% Generated by roxygen2: do not edit by hand
% Please edit documentation in R/addLR.R
\name{addLR}
\alias{addLR}
\title{Additive logratio coordinates}
\usage{
addLR(x, ivar = ncol(x), base = exp(1))
}
\arguments{
\item{x}{D-part compositional data}

\item{ivar}{Rationing part}

\item{base}{a positive or complex number: 
the base with respect to which logarithms are computed. Defaults to \code{exp(1)}.}
}
\value{
A list of class \dQuote{alr} which includes the following content:
\item{x.alr}{the resulting coordinates} \item{varx}{the rationing variable}
\item{ivar}{the index of the rationing variable, indicating the column
number of the rationing variable in the data matrix \emph{x}}
\item{cnames}{the column names of \emph{x}} The additional information such
as \emph{cnames} or \emph{ivar} is useful when an inverse mapping is
applied on the \sQuote{same} data set.
}
\description{
The additive logratio coordinates map D-part compositional data from
the simplex into a (D-1)-dimensional real space.
}
\details{
The compositional parts are divided by the rationing part before the
logarithm is taken.
}
\examples{

data(arcticLake)
x <- arcticLake
x.alr <- addLR(x, 2)
y <- addLRinv(x.alr)
## This exactly fulfills:
addLRinv(addLR(x, 3))
data(expenditures)
x <- expenditures
y <- addLRinv(addLR(x, 5))
head(x)
head(y)
## --> absolute values are preserved as well.

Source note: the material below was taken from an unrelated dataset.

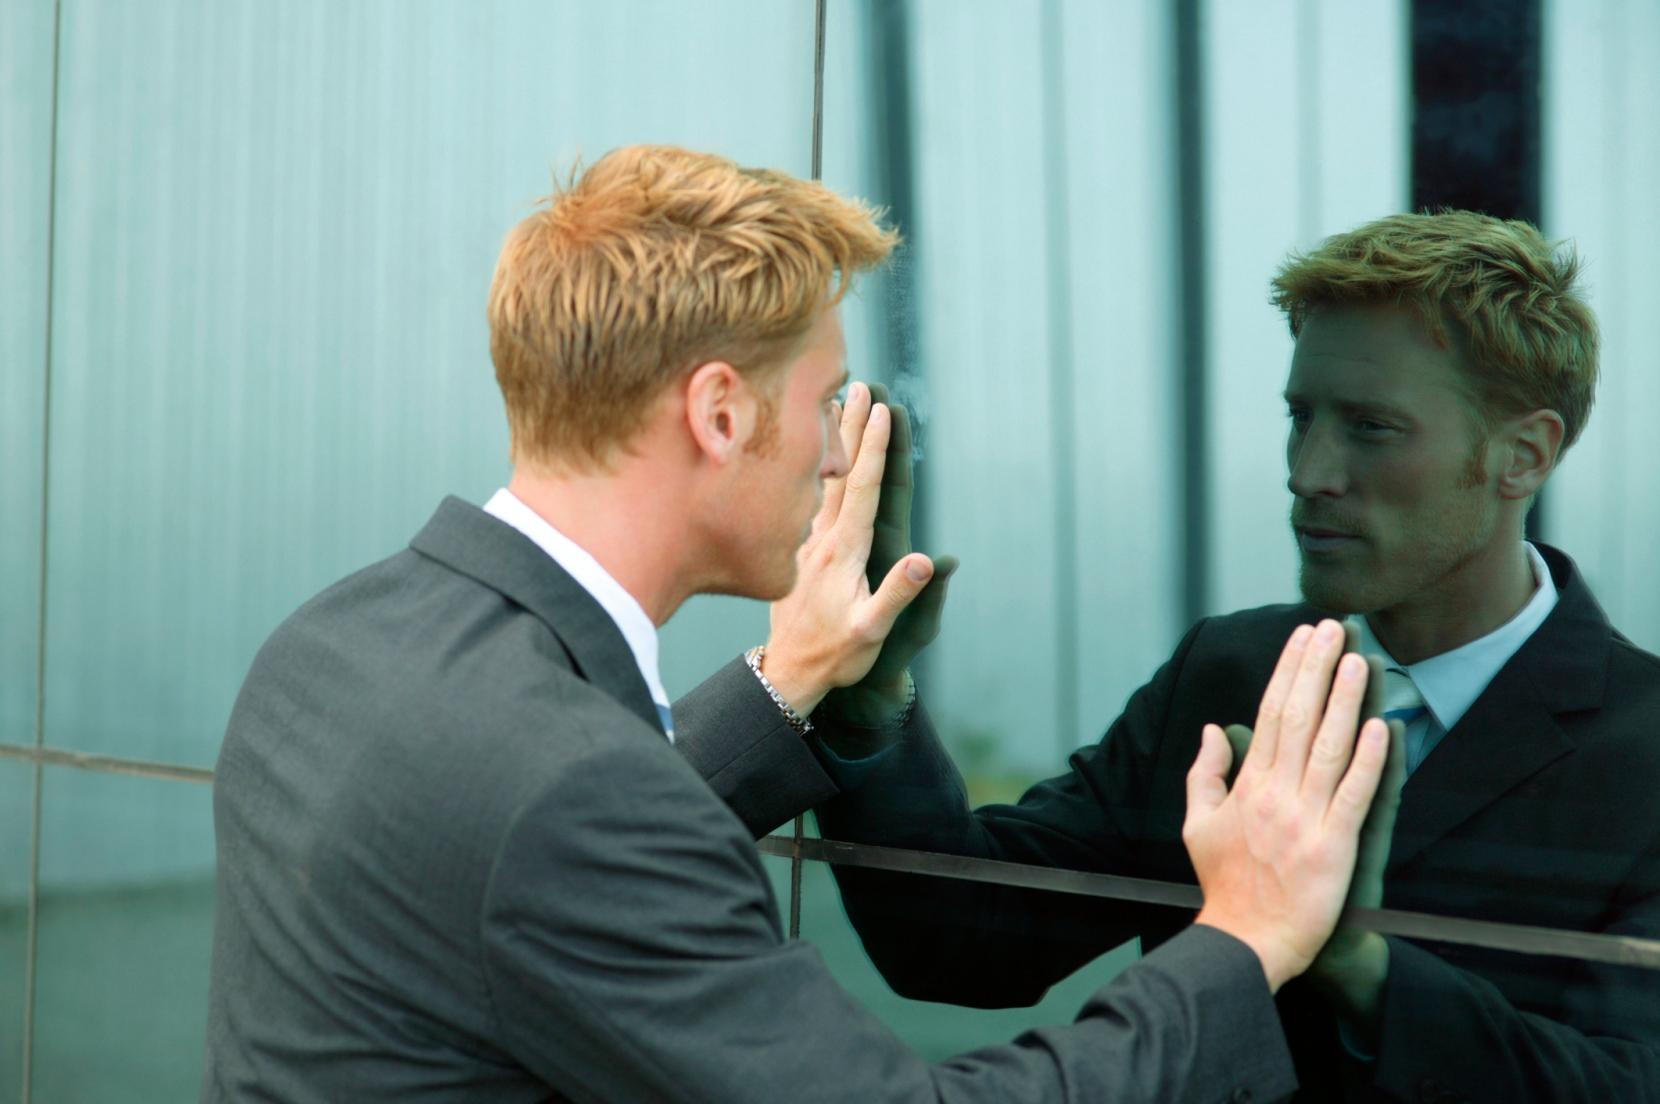 Resultado de imagen para hombre hablando al espejo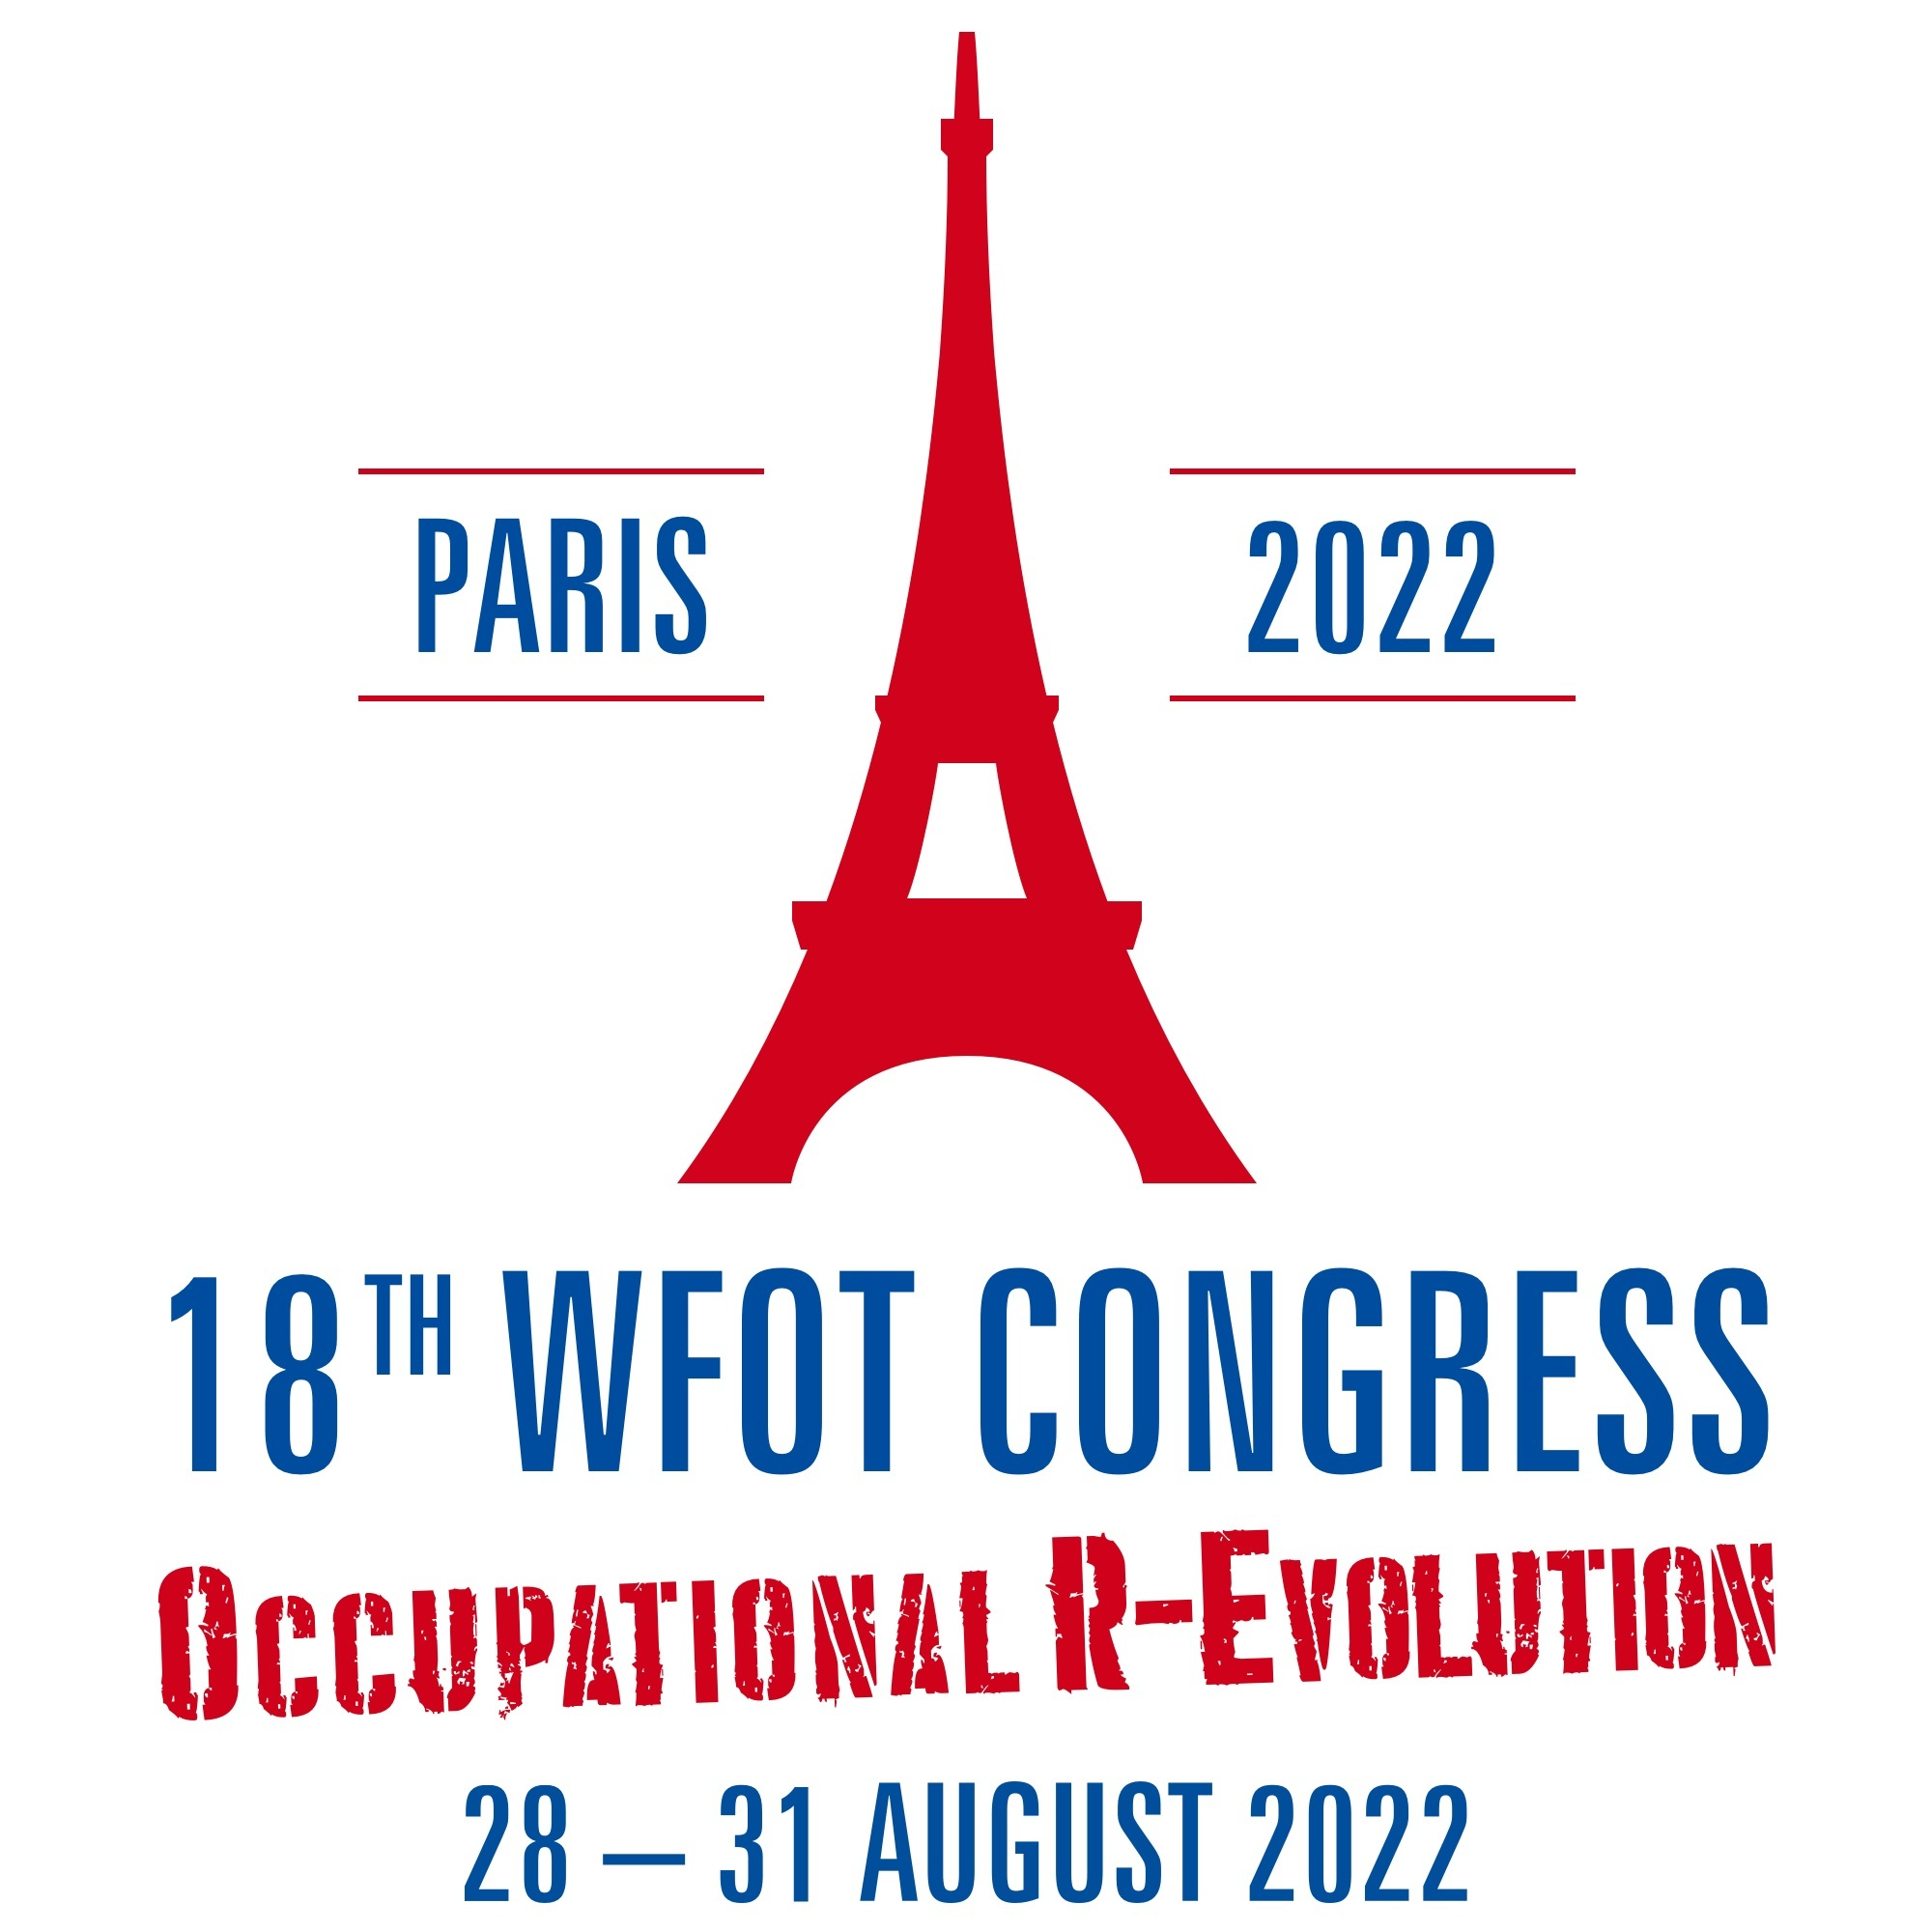 WFOT-Congress-2022-Logo-with-Dates-Web.jpg#asset:26796

## preserve only the ratios:
addLRinv(x.alr, ivar=2, useClassInfo=FALSE)


}
\references{
Aitchison, J. (1986) \emph{The Statistical Analysis of
Compositional Data} Monographs on Statistics and Applied Probability.
Chapman \& Hall Ltd., London (UK). 416p.
}
\seealso{
\code{\link{addLRinv}}, \code{\link{pivotCoord}}
}
\author{
Matthias Templ
}
\keyword{manip}